▶ Task requirements: Beneath this instruction is a listing. Transcribe from it only the stretch from the line with "Tree-dimensional-Tacoma-Monkey-Puzzle-Tree" through the line with "Henry HVR 160-11", both end lines included, exactly as written.

▶ Source material:
══════════
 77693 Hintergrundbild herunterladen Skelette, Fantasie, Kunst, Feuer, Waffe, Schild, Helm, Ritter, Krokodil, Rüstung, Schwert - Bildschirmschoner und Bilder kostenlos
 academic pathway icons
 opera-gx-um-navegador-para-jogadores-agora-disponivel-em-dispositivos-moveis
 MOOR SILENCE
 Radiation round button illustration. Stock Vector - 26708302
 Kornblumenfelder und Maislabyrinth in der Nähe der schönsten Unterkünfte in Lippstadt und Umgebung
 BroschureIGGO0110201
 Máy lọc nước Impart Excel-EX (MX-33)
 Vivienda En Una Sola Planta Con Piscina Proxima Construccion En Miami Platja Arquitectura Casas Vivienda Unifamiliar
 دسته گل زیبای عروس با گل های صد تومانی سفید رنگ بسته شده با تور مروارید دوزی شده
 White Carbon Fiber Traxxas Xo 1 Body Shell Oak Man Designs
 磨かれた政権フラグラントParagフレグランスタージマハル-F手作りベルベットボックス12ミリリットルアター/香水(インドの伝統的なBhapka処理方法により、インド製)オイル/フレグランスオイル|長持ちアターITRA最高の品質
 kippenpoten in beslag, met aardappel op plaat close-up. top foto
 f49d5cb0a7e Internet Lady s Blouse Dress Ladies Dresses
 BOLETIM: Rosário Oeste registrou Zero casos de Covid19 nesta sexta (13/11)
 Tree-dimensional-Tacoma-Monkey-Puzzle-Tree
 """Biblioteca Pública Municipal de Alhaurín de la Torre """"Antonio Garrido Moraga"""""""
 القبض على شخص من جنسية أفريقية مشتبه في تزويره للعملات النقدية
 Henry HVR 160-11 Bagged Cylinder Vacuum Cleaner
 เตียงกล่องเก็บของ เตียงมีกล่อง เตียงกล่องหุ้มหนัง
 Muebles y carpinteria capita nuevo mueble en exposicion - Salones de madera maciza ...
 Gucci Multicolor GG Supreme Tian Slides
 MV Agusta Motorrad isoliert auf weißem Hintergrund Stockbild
══════════
▶ Task answer:
 Tree-dimensional-Tacoma-Monkey-Puzzle-Tree
 """Biblioteca Pública Municipal de Alhaurín de la Torre """"Antonio Garrido Moraga"""""""
 القبض على شخص من جنسية أفريقية مشتبه في تزويره للعملات النقدية
 Henry HVR 160-11 Bagged Cylinder Vacuum Cleaner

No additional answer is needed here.